━━━ Records shown ━━━
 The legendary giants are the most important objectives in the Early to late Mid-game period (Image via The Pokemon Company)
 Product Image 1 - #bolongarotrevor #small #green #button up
━━━
━━━ Records shown ━━━
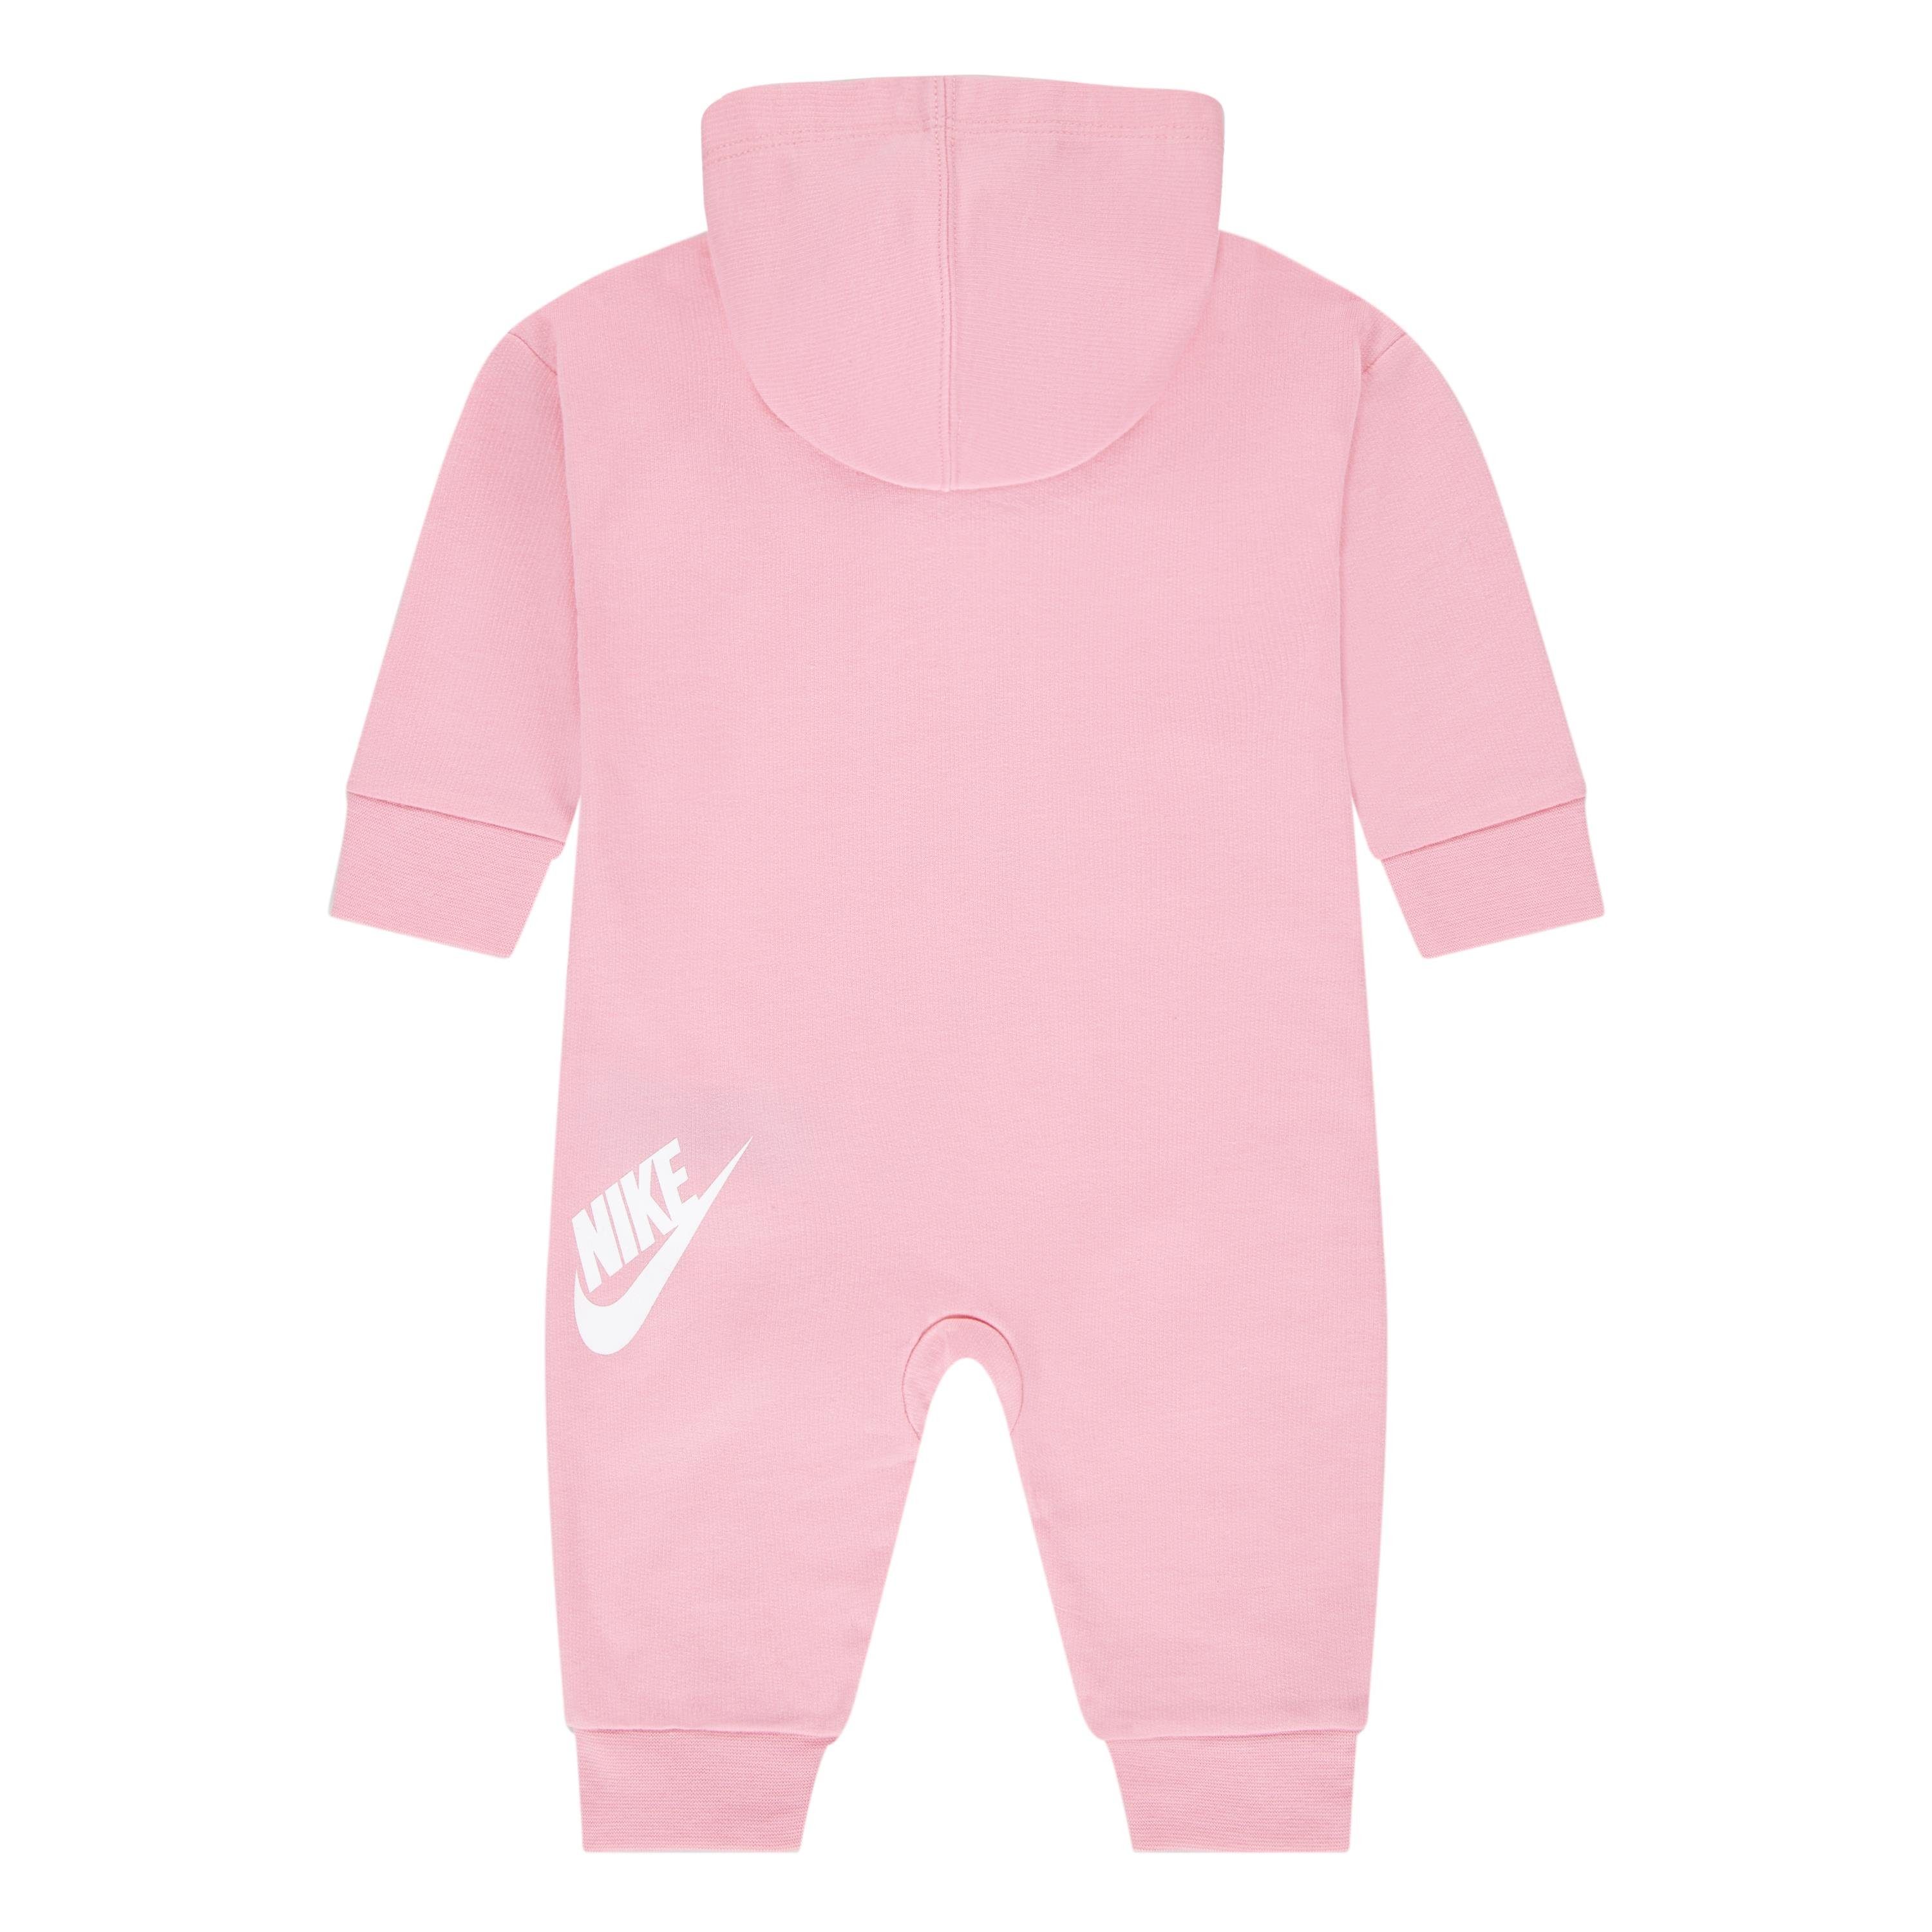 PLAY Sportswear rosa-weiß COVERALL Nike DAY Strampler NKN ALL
━━━
━━━ Records shown ━━━
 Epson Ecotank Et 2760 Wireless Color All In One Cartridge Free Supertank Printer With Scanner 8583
━━━
[Exercise]:
Write out exactly the lines that fall from the line with "The legendary giants" to the line with "Product Image 1" in the records above, keeping both ends.

[Task result]:
 The legendary giants are the most important objectives in the Early to late Mid-game period (Image via The Pokemon Company)
 Product Image 1 - #bolongarotrevor #small #green #button up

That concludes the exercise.